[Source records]
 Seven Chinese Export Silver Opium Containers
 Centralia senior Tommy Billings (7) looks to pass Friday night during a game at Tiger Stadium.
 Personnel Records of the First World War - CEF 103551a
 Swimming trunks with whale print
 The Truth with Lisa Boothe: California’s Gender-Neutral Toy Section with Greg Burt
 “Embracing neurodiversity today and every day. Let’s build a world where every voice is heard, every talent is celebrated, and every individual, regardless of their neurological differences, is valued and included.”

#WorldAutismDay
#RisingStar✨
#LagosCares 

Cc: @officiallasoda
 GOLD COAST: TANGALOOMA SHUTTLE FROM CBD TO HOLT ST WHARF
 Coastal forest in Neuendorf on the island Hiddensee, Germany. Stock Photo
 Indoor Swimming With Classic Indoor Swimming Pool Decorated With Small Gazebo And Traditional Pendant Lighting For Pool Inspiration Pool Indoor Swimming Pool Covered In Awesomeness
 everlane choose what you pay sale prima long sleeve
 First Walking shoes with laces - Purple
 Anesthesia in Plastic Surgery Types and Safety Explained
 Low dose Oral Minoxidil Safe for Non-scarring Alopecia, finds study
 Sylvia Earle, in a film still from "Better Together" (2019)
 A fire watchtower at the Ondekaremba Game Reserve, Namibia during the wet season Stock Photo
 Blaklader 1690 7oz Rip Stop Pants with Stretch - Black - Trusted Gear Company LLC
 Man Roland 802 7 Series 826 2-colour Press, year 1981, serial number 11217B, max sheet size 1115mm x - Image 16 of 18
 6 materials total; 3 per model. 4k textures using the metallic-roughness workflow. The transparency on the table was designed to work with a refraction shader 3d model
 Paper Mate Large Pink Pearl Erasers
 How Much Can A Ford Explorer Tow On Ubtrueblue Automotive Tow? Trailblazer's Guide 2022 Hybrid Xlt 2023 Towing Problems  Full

- **What is required**:
With the entries above as the source, set down exactly the lines from the one holding "#WorldAutismDay" through the last line, both ends included.

- **The answer**:
#WorldAutismDay
#RisingStar✨
#LagosCares 

Cc: @officiallasoda
 GOLD COAST: TANGALOOMA SHUTTLE FROM CBD TO HOLT ST WHARF
 Coastal forest in Neuendorf on the island Hiddensee, Germany. Stock Photo
 Indoor Swimming With Classic Indoor Swimming Pool Decorated With Small Gazebo And Traditional Pendant Lighting For Pool Inspiration Pool Indoor Swimming Pool Covered In Awesomeness
 everlane choose what you pay sale prima long sleeve
 First Walking shoes with laces - Purple
 Anesthesia in Plastic Surgery Types and Safety Explained
 Low dose Oral Minoxidil Safe for Non-scarring Alopecia, finds study
 Sylvia Earle, in a film still from "Better Together" (2019)
 A fire watchtower at the Ondekaremba Game Reserve, Namibia during the wet season Stock Photo
 Blaklader 1690 7oz Rip Stop Pants with Stretch - Black - Trusted Gear Company LLC
 Man Roland 802 7 Series 826 2-colour Press, year 1981, serial number 11217B, max sheet size 1115mm x - Image 16 of 18
 6 materials total; 3 per model. 4k textures using the metallic-roughness workflow. The transparency on the table was designed to work with a refraction shader 3d model
 Paper Mate Large Pink Pearl Erasers
 How Much Can A Ford Explorer Tow On Ubtrueblue Automotive Tow? Trailblazer's Guide 2022 Hybrid Xlt 2023 Towing Problems  Full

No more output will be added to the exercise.